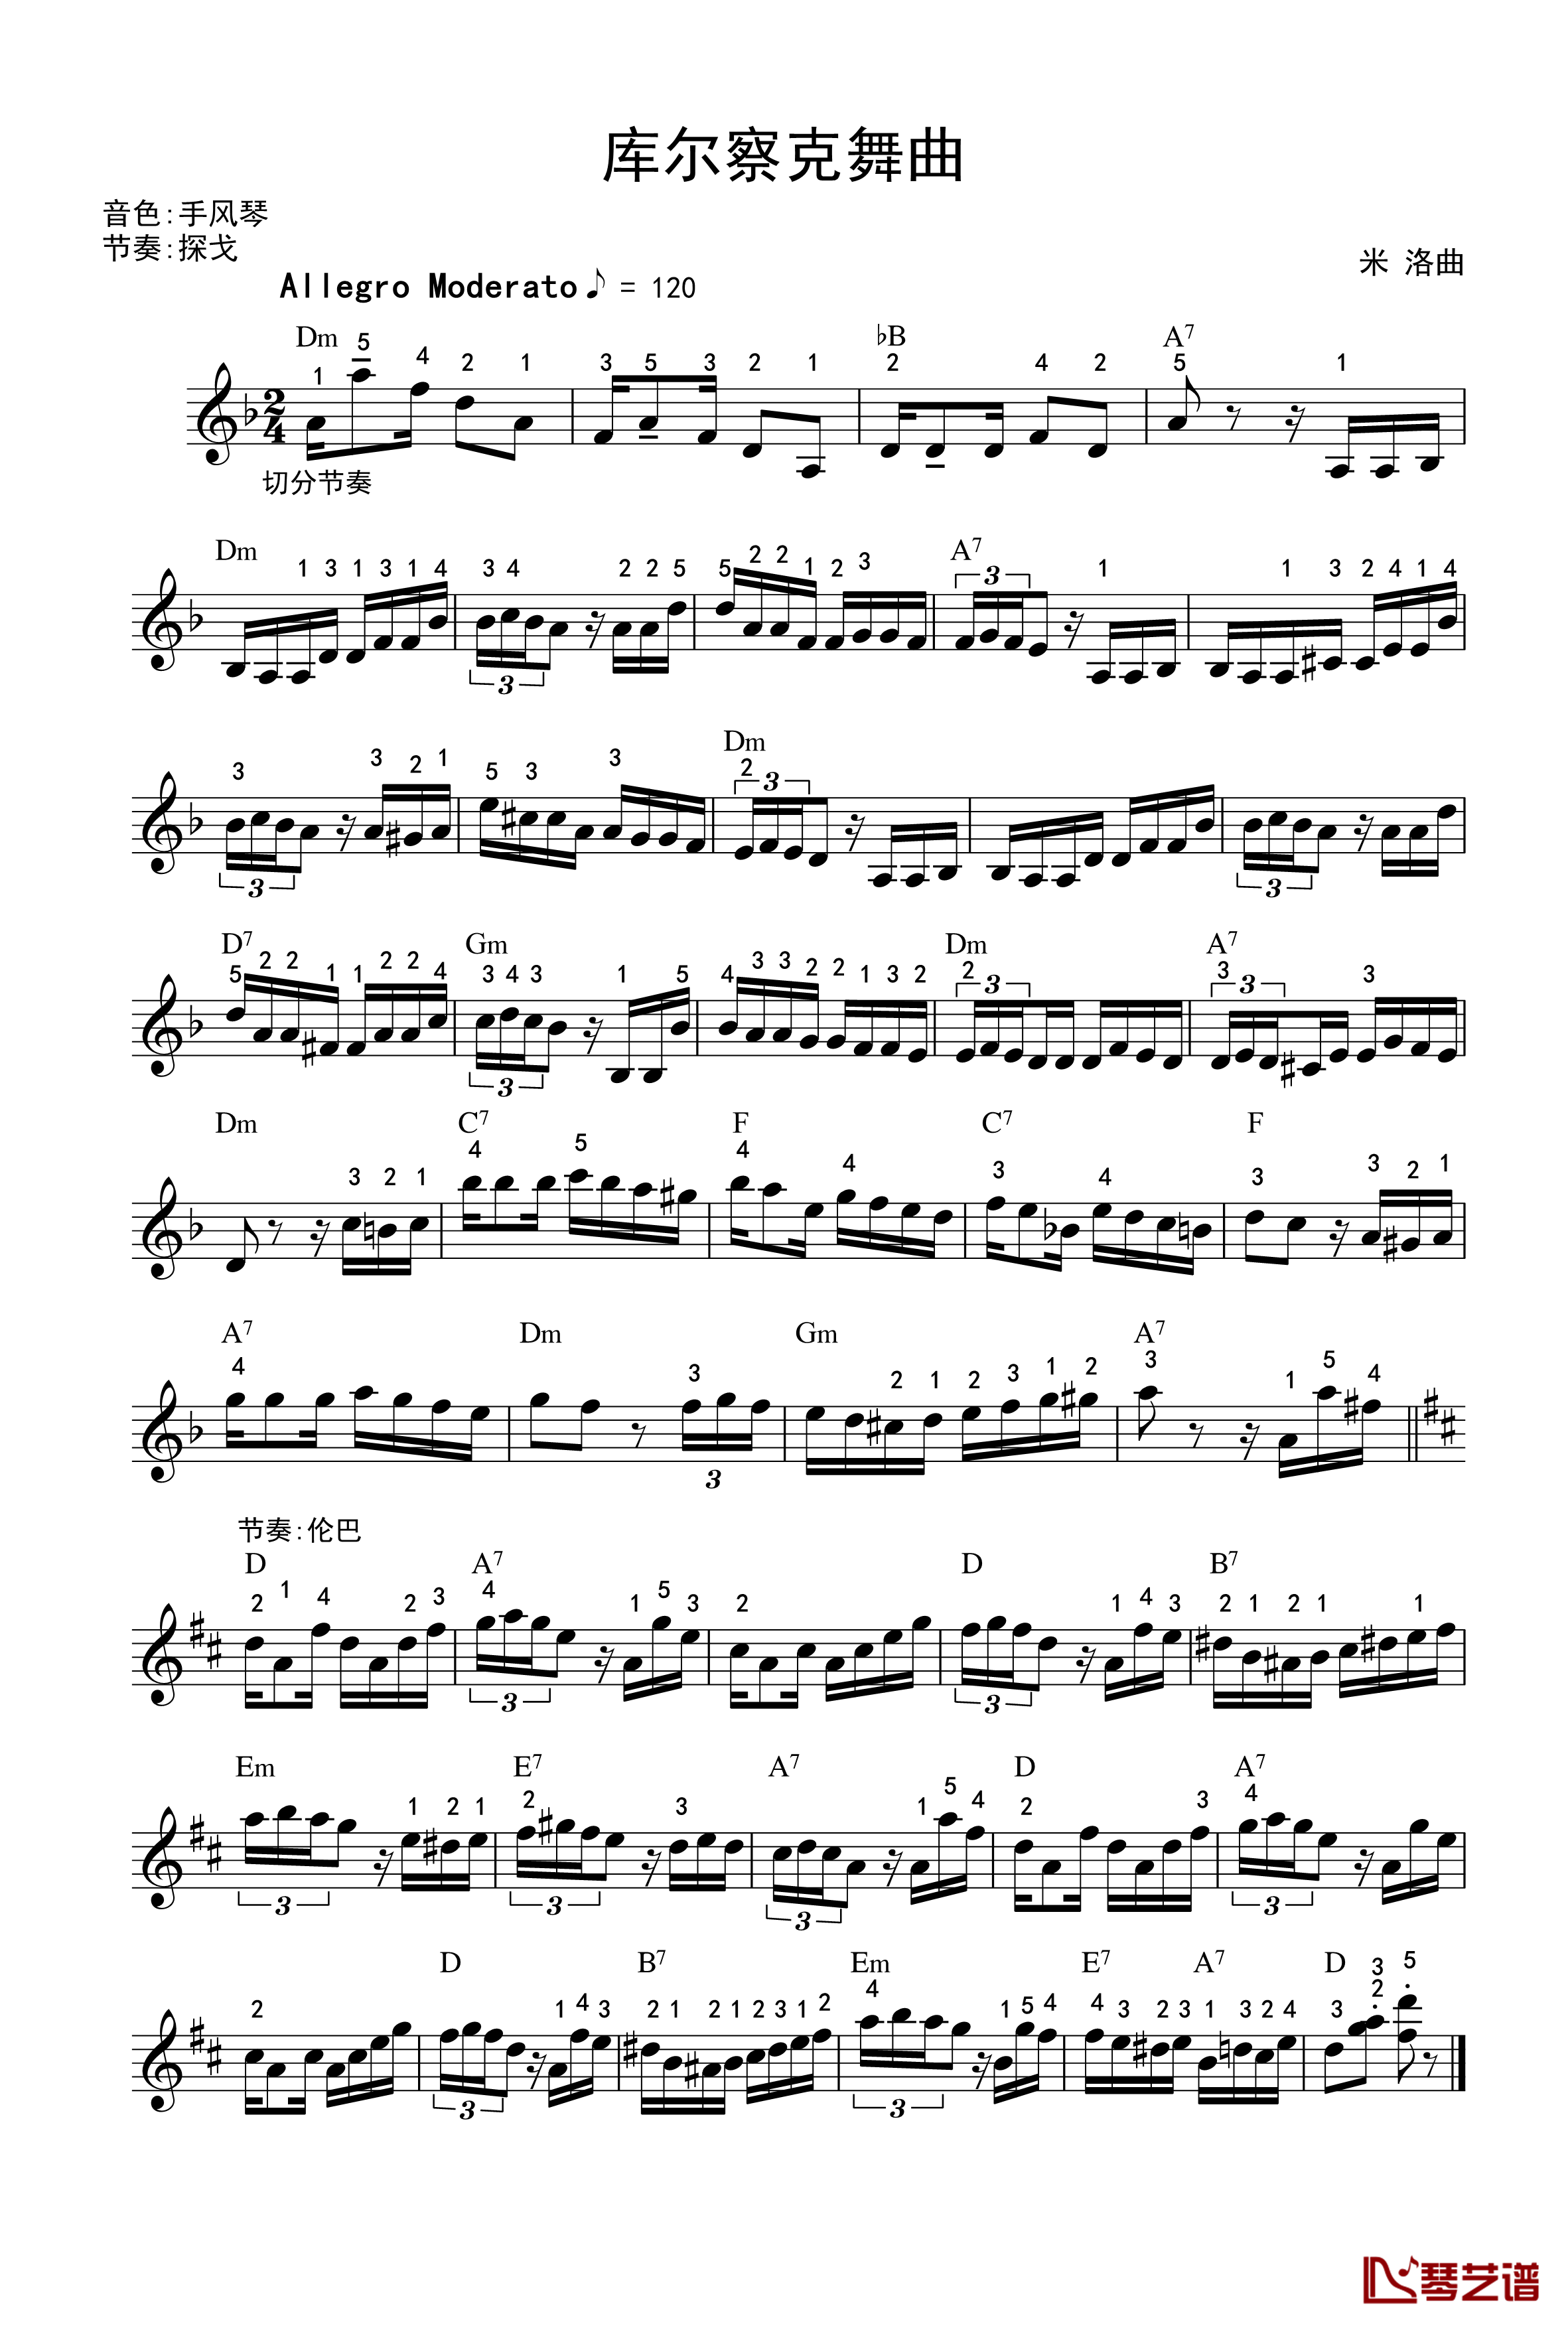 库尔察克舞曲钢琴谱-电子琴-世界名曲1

---

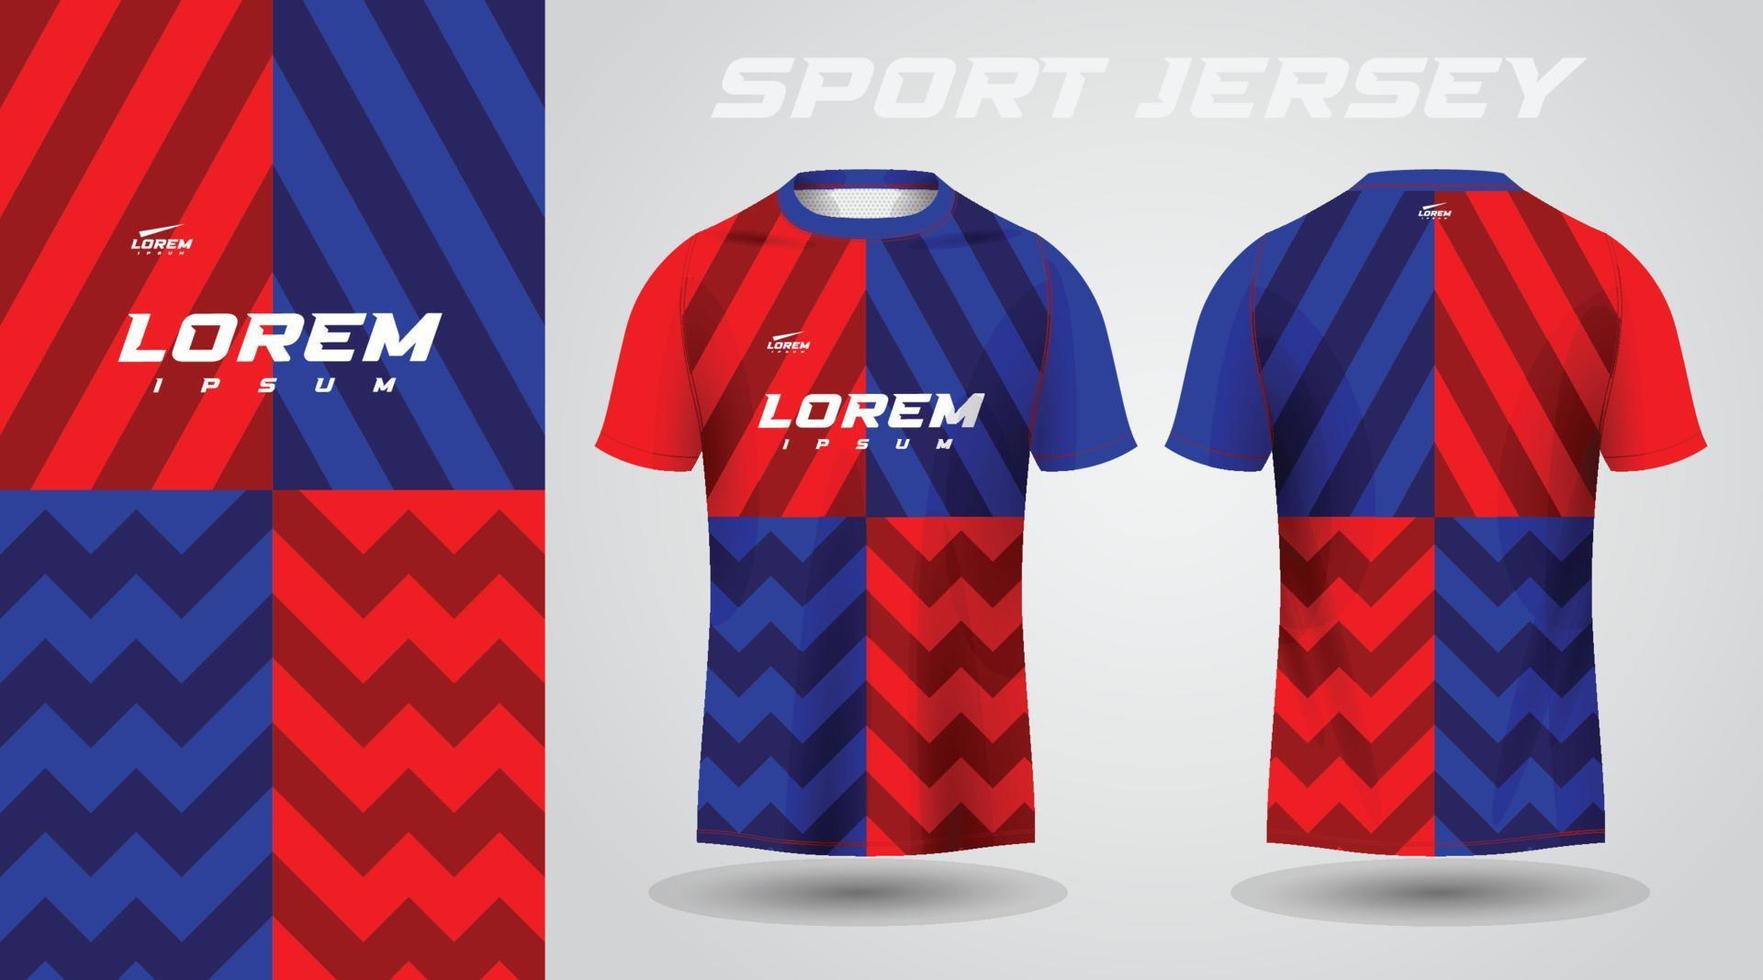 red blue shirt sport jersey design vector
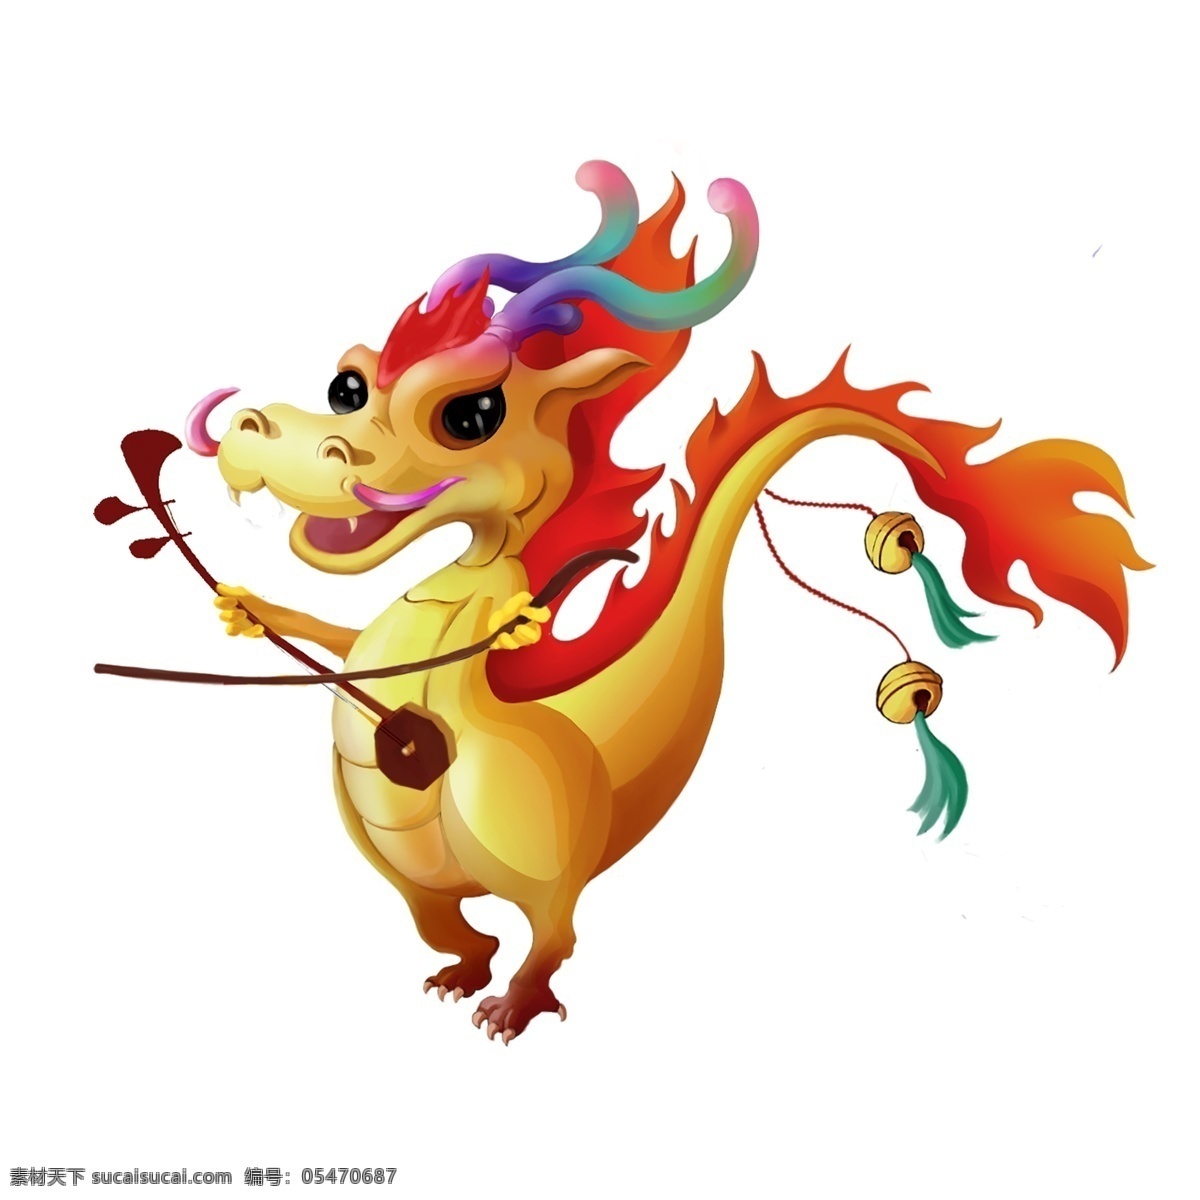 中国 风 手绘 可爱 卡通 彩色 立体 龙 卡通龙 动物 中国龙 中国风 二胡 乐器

→ **Exercise brief**
From the records above, give again only the part that opens with the line containing "red blue shirt sport jersey design vector" and closes with the line containing "中国 风 手绘 可爱 卡通 彩色 立体 龙 卡通龙 动物 中国龙 中国风 二胡 乐器". Keep both ends but drop the pictures.

→ **Response box**
 red blue shirt sport jersey design vector
 中国 风 手绘 可爱 卡通 彩色 立体 龙 卡通龙 动物 中国龙 中国风 二胡 乐器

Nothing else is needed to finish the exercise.